UW Board of Regents purchases 334 acres of land from Northern Pacific Railroad and the Cascade Timber Corporation along the Mount Rainier Highway. This tract had already been primarily cut over. Elmer Rapraeger hired as the first Resident Manager. Forest is expanded for maximum road and railroad frontage. Road construction on the forest begins under the direction of Professor Burt P. Kirkland.

Carl Ferry replaces Elmer Rapraeger as Resident Manager. Trails and cabins are built. Construction begins on a shingle and saw mill. A forest nursery is developed growing Douglas-fir, western red-cedar, Port Orford cedar, ponderosa pine and western hemlock.

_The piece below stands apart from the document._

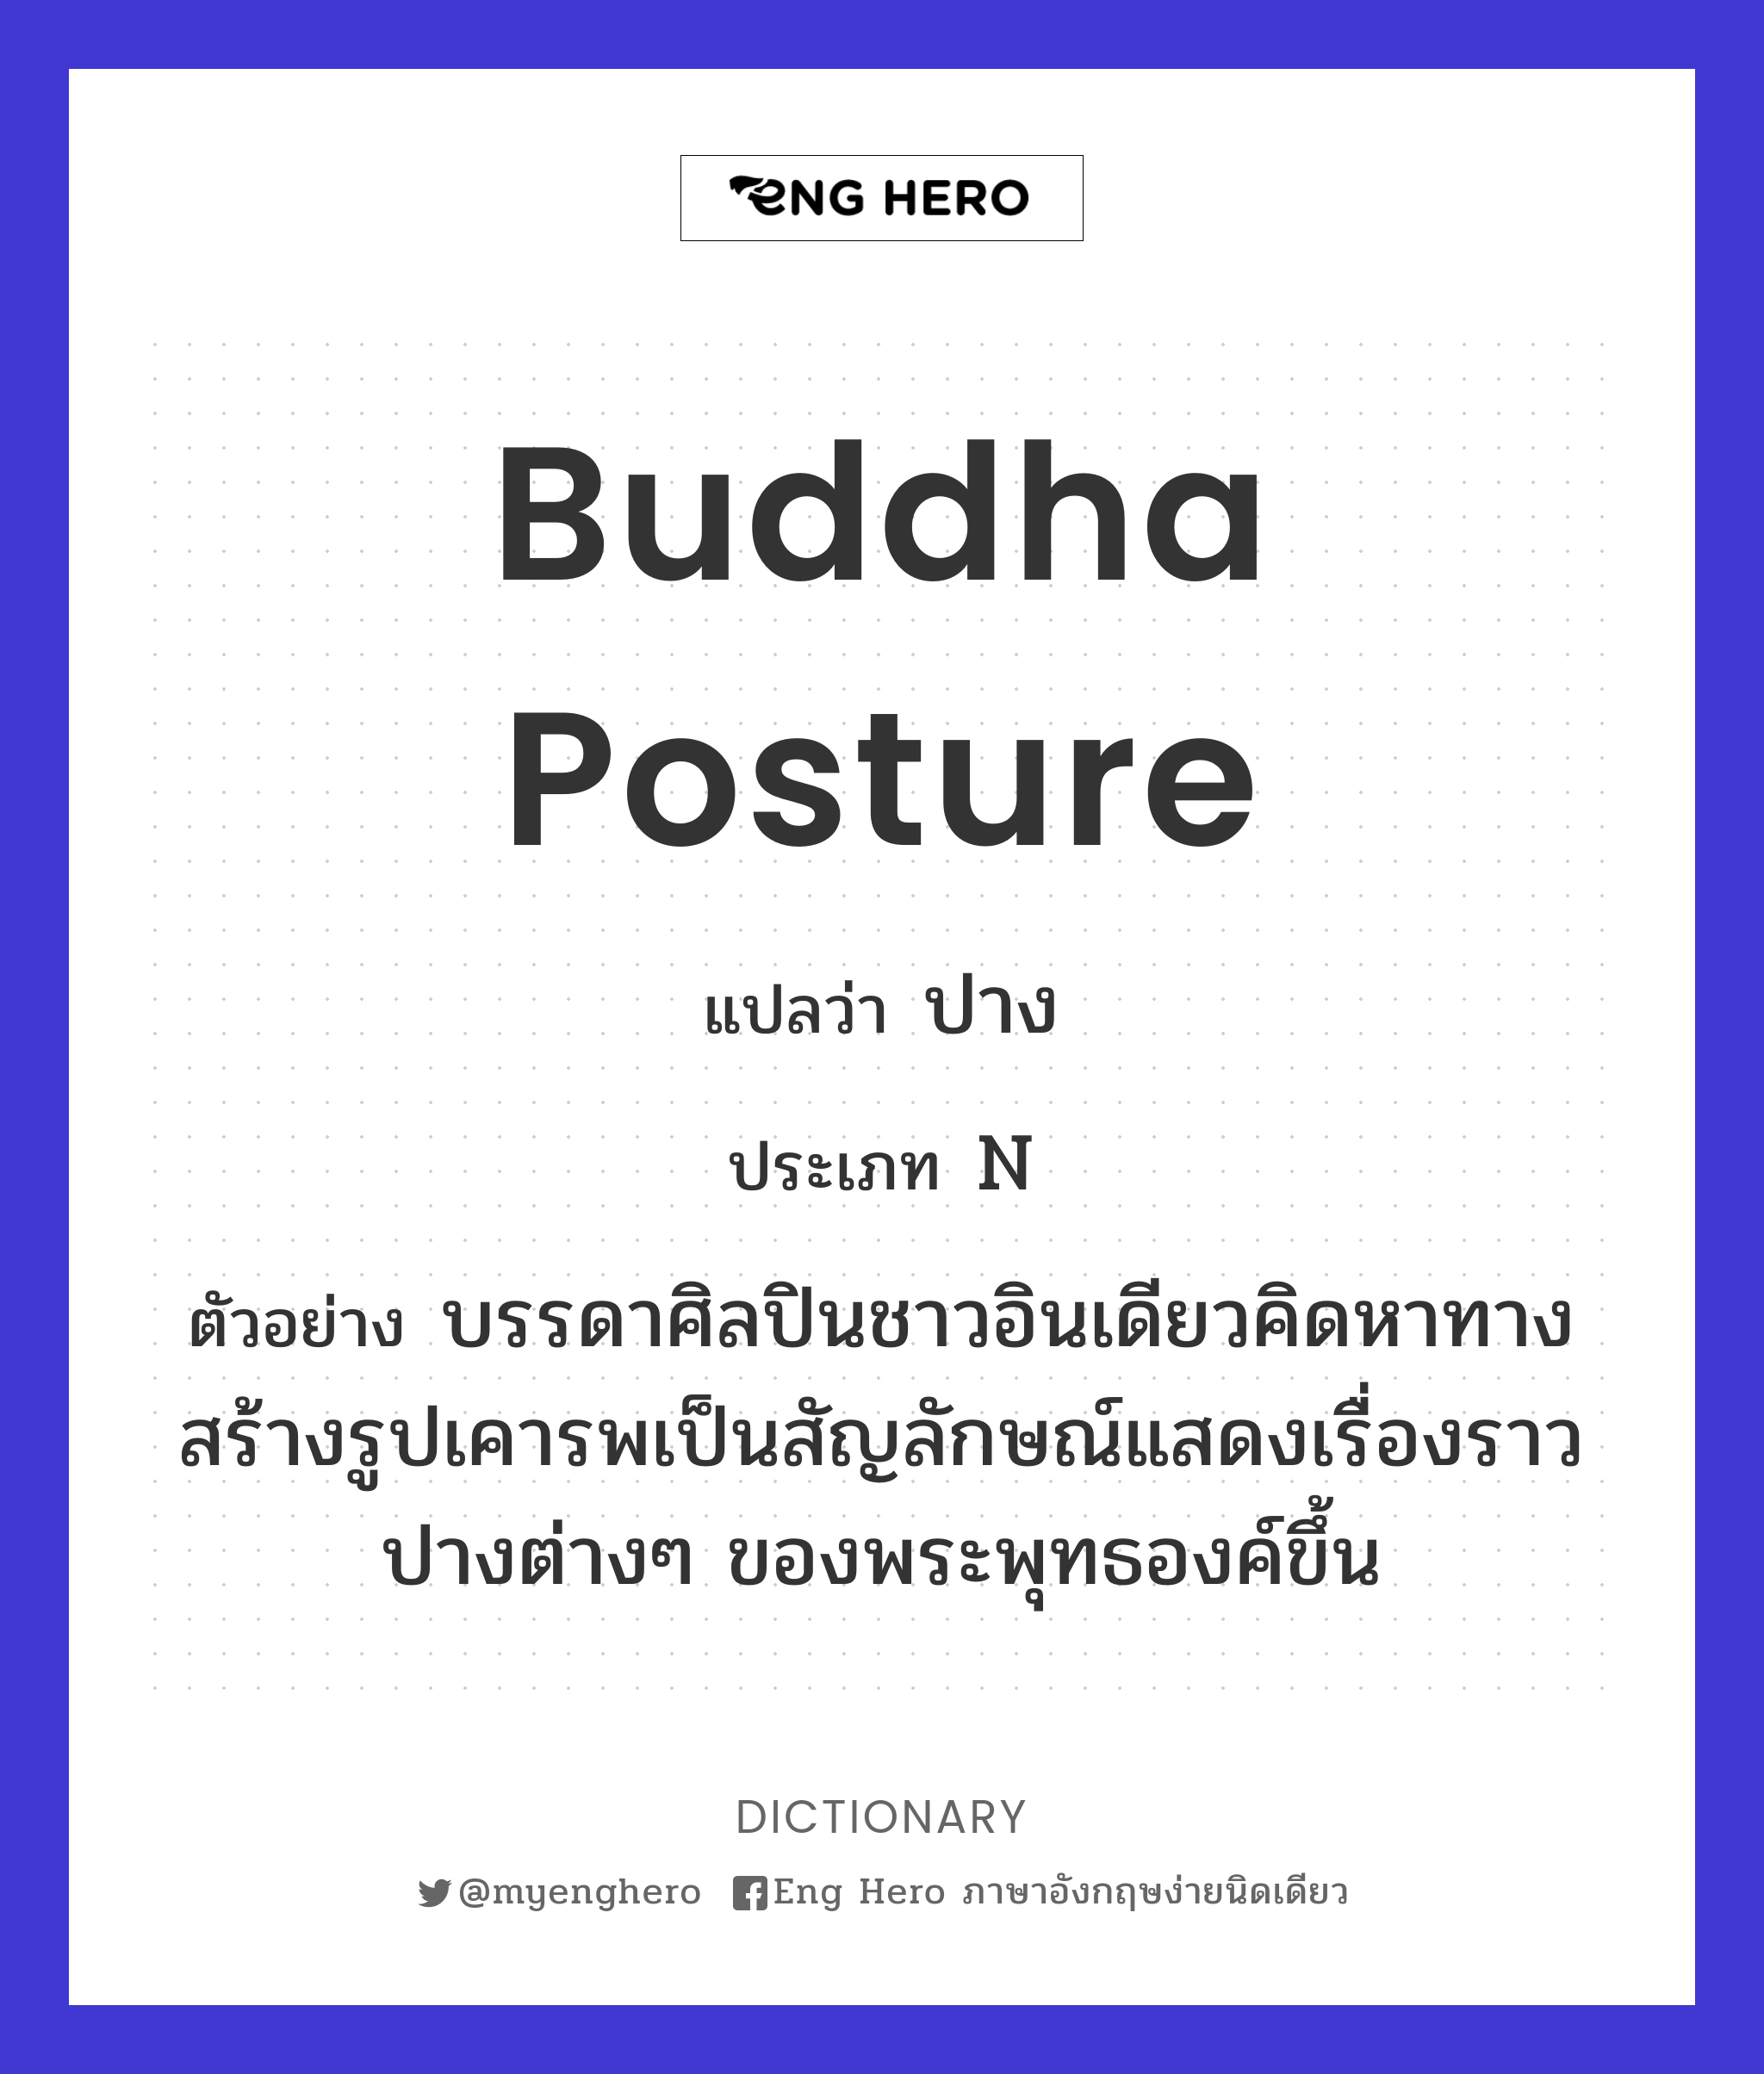 Buddha posture
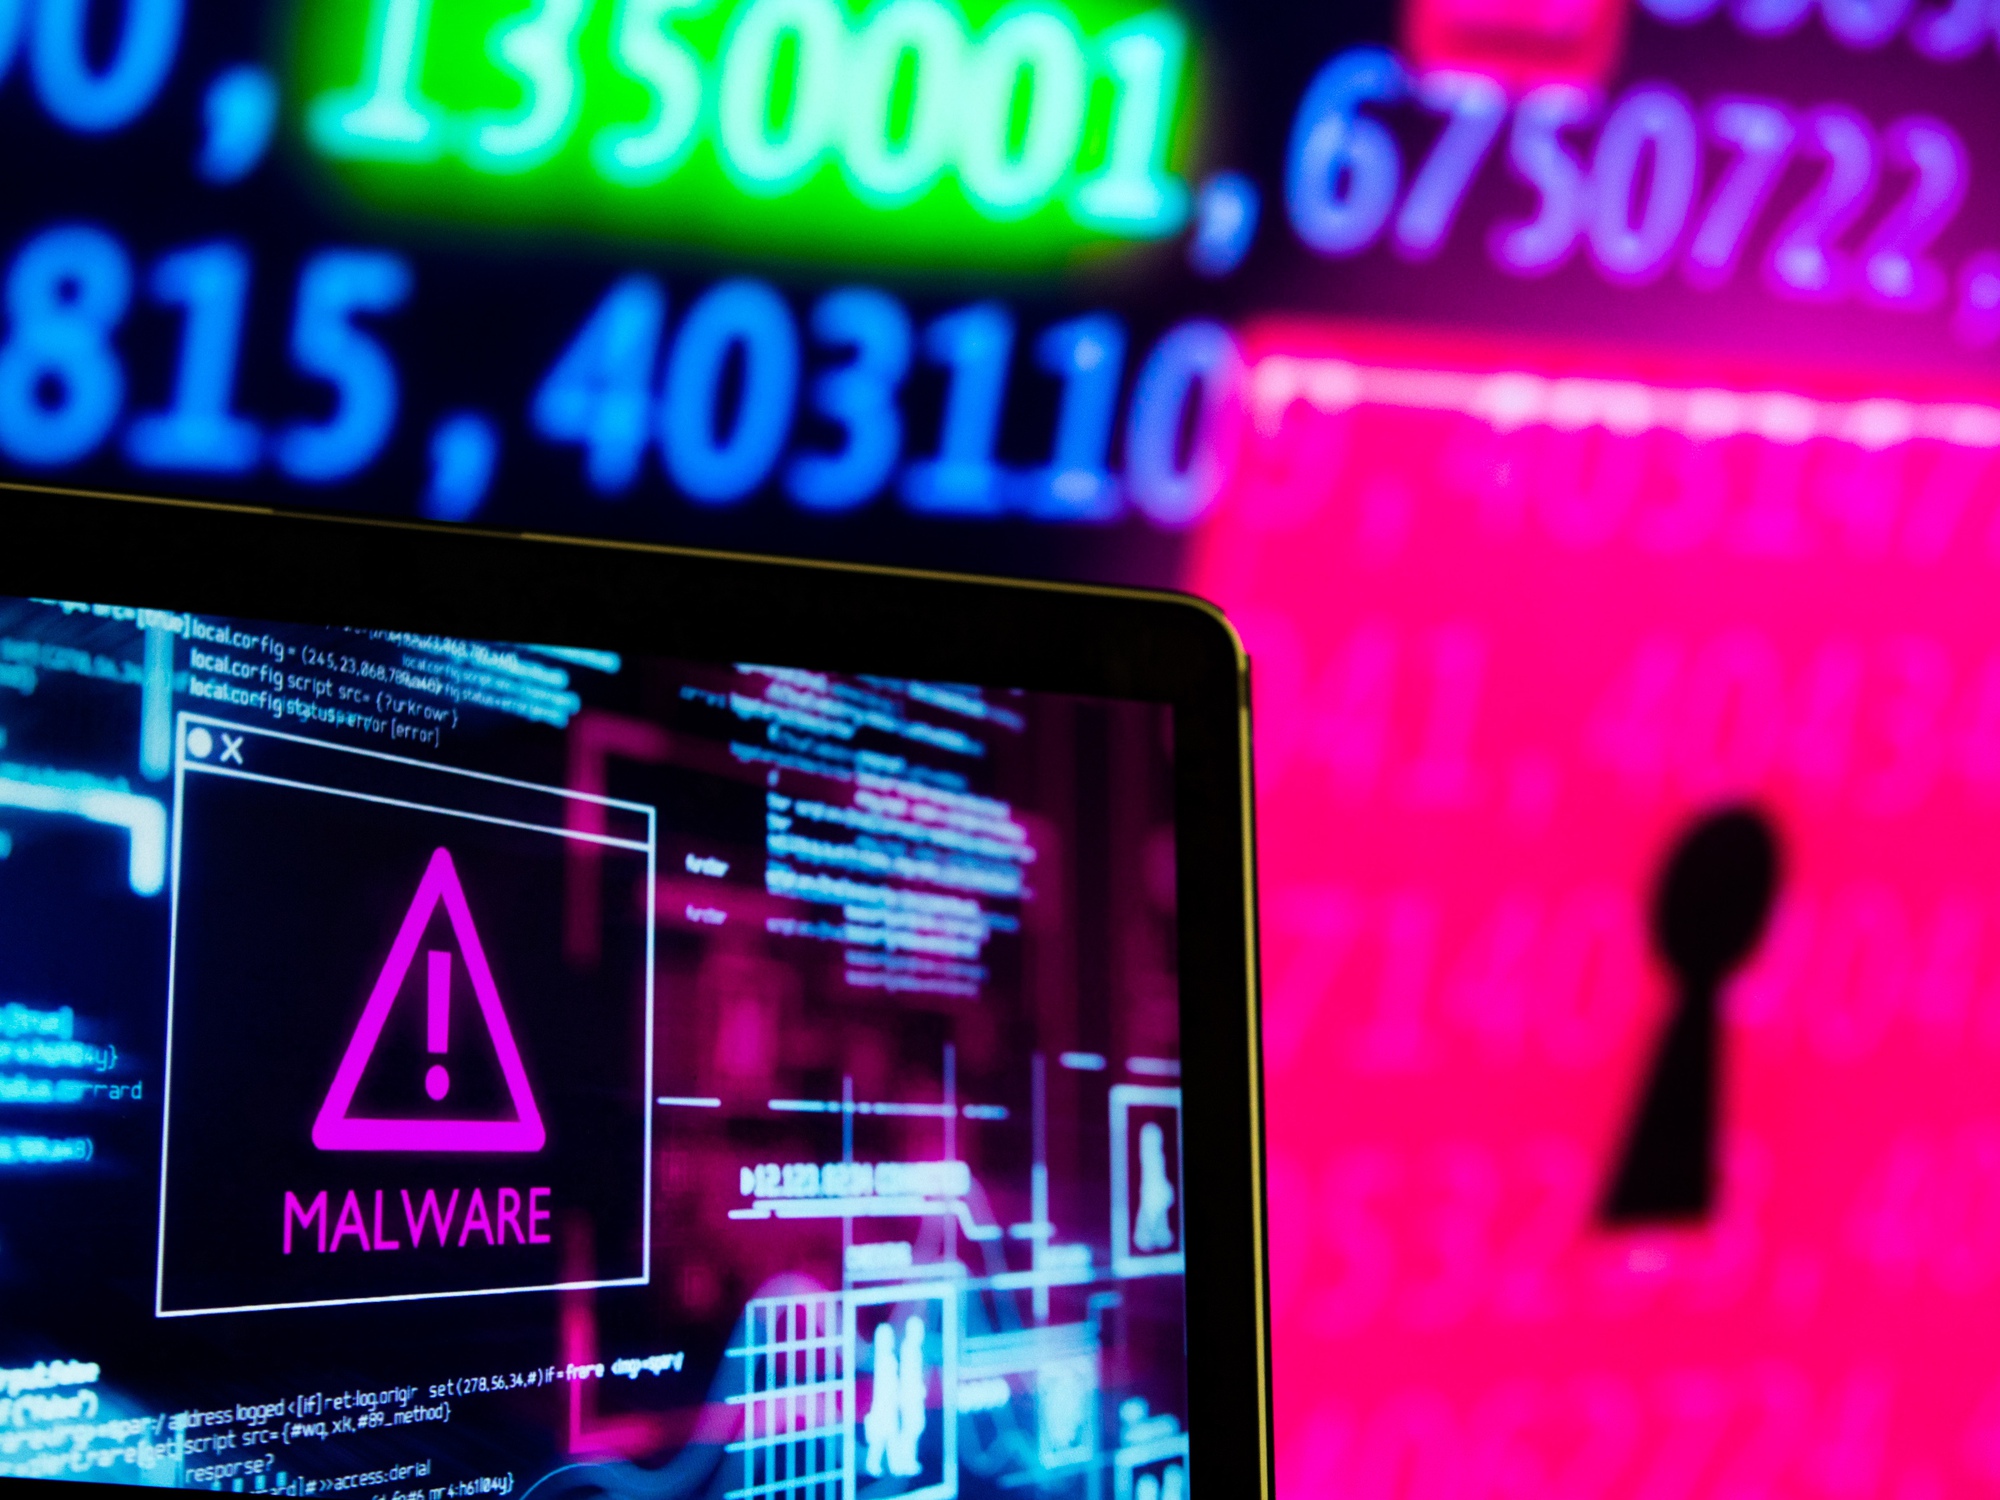 Tội phạm mạng có thể có quyền truy cập vào các công cụ chiến tranh mạng do nhà nước phát triển thông qua dark web. Ảnh: @AFP.

Research projects mark the beginning of field research at Pack. The following studies would be the first at the forest:
Eddy Tree Breeding Experiments -- Stock supplied by Eddy Tree Breeding Institute. Forty-five different species of native and exotic pines planted to test survival and growth of various species and their adaptability to the western Washington climate (many of the species proved unsuitable).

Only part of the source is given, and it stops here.